This sudden tragedy occurs, no less, just as Ophelia is to happily crown the hanging boughs of the tree, which symbolically represents the happy instance that must have occurred just prior to the play's opening -- Hamlet's engagement to Ophelia. As on the bank of the brook, so too with Hamlet -- an "envious sliver broke"; the "rash" and "intruding" Polonius interjected himself and denied Ophelia what her nature so plainly made her for: to love. He teaches her, rather, to doubt and to suspect. Ophelia falls victim to the plague of Elsinore, which may be stated as the conflict between truth and falsehood.
The Man's Nature
Hamlet engages in this conflict in an altogether different manner, however. If Ophelia and Gertrude approach it from the direction of love, Hamlet approaches it from the direction of reason. Gertrude and Ophelia intuit; Hamlet rationalizes. Ophelia, for example, appreciates Hamlet's predicament immediately she sees him and without a word from him by way of explanation: "He raised a sigh so piteous and profound / as it did seem to shatter all his bulk / and end his being" (2.1.106-108). She cannot identify the problem at the heart of Hamlet's conflict, but she intuits enough to know there is one and that he should be pitied and helped for his pains. She continues, "He seemed to find his way without his eyes, / for out o' doors he went without their helps / and to the last bended their light on me" (2.1.110-112). Ophelia recognizes herself as "their helps," meaning she understands the role she ought to play in supporting Hamlet through love, assistance and appreciation -- a role she is denied by her incompetent father.

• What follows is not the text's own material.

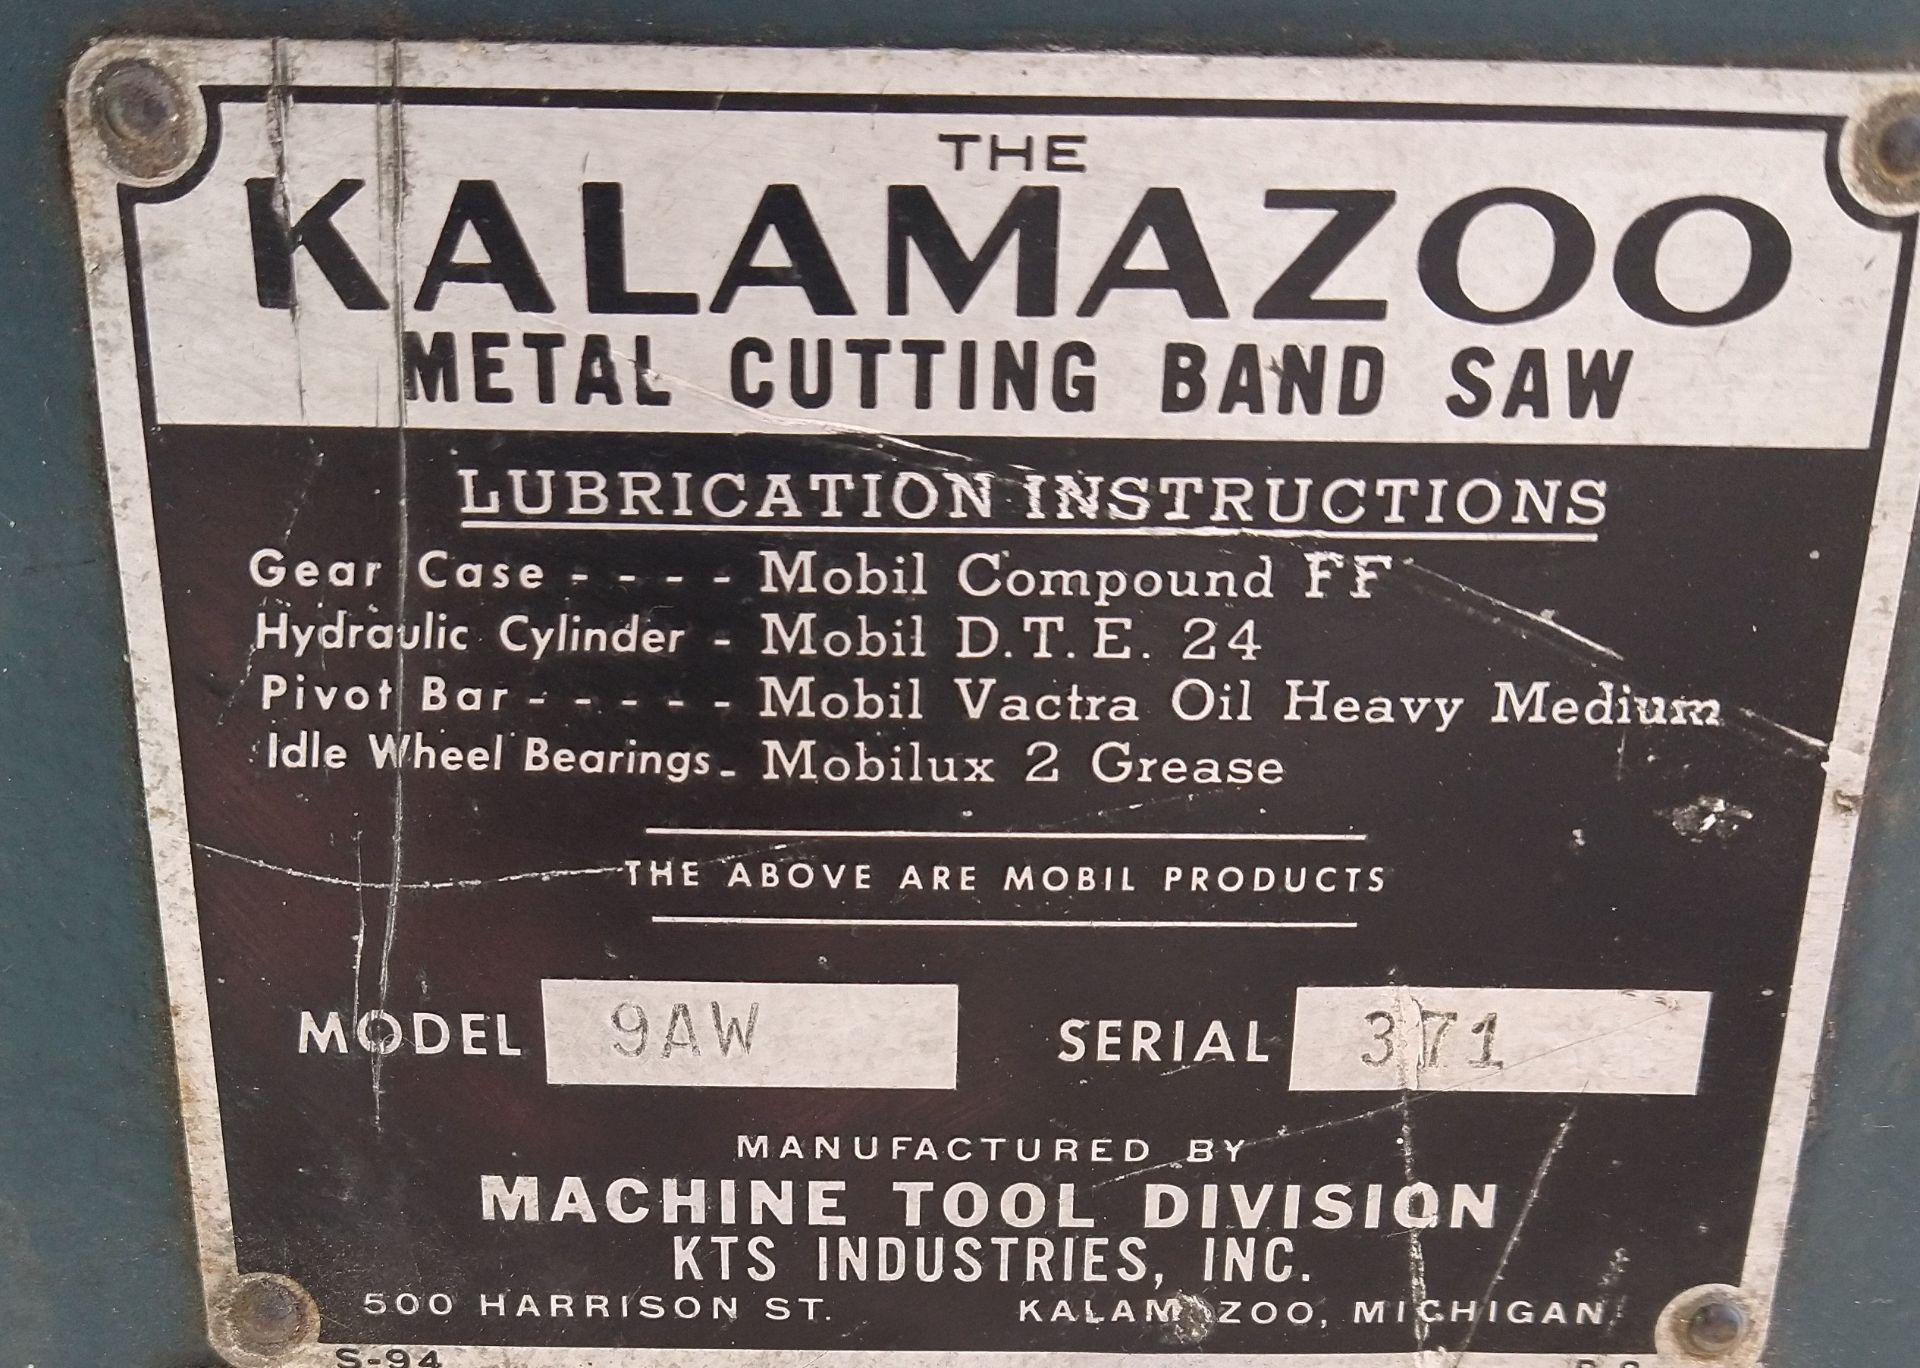 KALAMAZOO METAL CUTTING BAND SAW, MODEL 9AW, S/N 371 - Image 4 of 4

While Shirley Nelson Garner notes that Shakespeare's characters encourage a "fuller understanding of the traditional meanings of 'masculinity' than of 'femininity'" (302), a sense of the traditional meaning of femininity is at least implied negatively, that is, through omission. Ophelia goes mad because she is denied a traditional mode of feminine expression: love. Gertrude does not come to Ophelia's assistance, though she hoped for a union between her son and Ophelia, because she is too involved in her own relationship. One can glean, therefore, the two extremes of womanhood in Hamlet: to have no recourse to love lends one to madness; to love too extremely lends one to blindness. Since the play, however, lends itself more to the crisis of masculinity in Elsinore, it does not present a picture of traditional femininity along the same lines of one of Shakespeare's comedies. This is a tragedy -- and, moreover, it is the tragedy of Hamlet, not of Ophelia. Her death is a consequence of his tragic fall. Therefore, it is time to consider the way in which he and his gender face the conflict of the play.

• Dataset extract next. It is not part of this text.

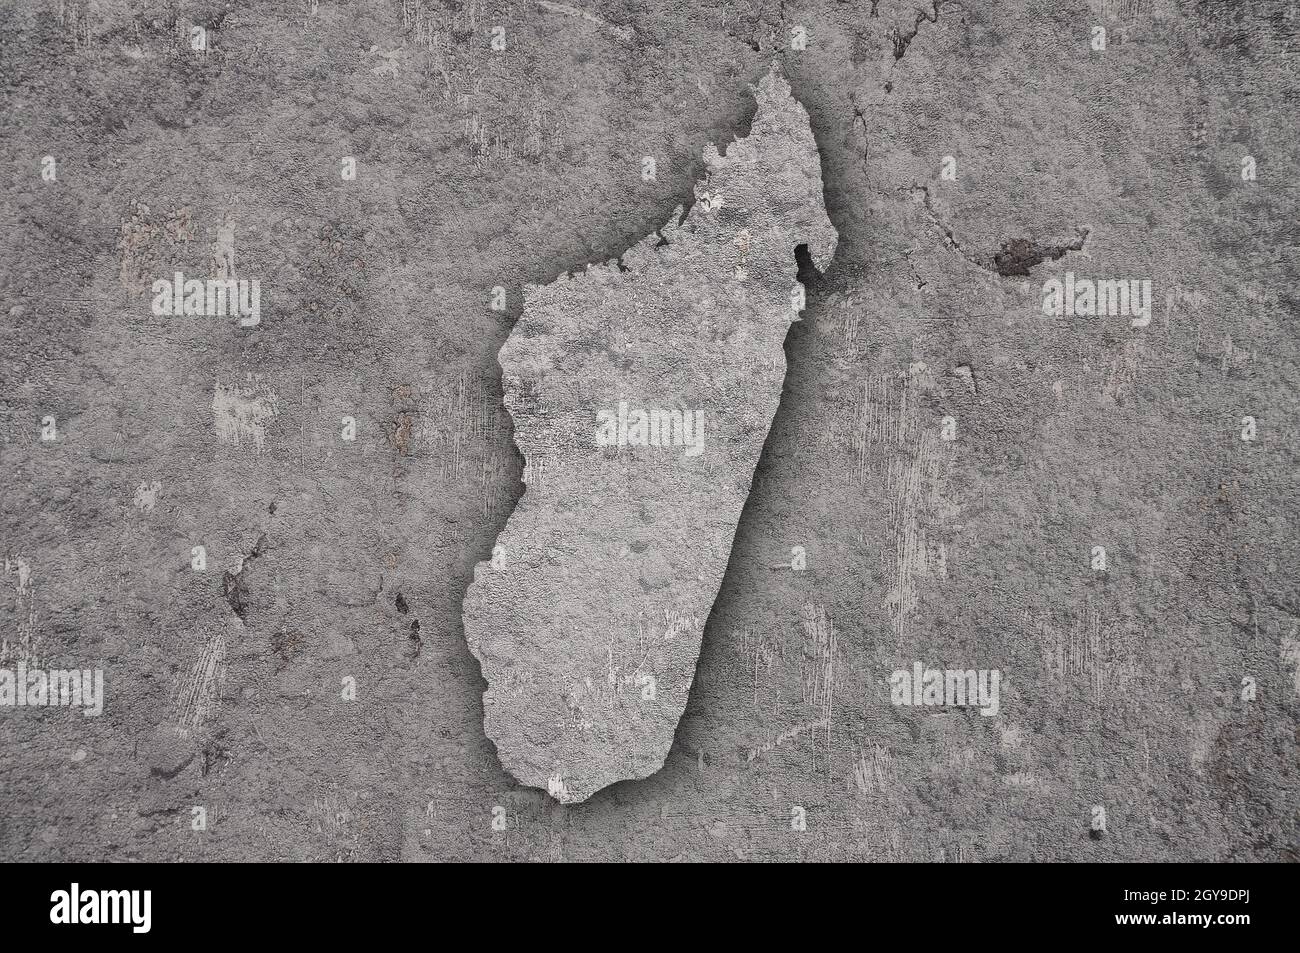 Map of Madagascar on weathered concrete Stock Photo

The conflict is, essentially, one of truth. What is true? What is real? What is good? What is false? Hamlet cannot understand the conflict until he puts it in intelligent terms that give a sense of reason, proportion, logic and sense to the events. His faith is tested, his sense of nobility is outraged, his anger is provoked, and his confidence is knocked. Hamlet does suspect from the beginning that something is out of order at Elsinore, as do the other men watching the battlements (it is Marcellus who declares that "something is rotten in the state of Denmark") (1.4.100). But he cannot be certain until he himself has sufficiently considered all aspects of the problem, settled on a solution, and held himself responsible for effecting that solution. Hamlet's battle is to think, which he does. Ophelia's battle is to love, which she is simply not allowed to do. Thus, she dies. However, since thought/truth are so corrupted in Elsinore, Ophelia is not the only one to suffer the consequences of the unnatural environment: the entire royal party dies. Both love and reason are suffocated within the castle walls. Horatio alone is bidden to live so that at least someone might be able to make sense of the tragedy that has occurred.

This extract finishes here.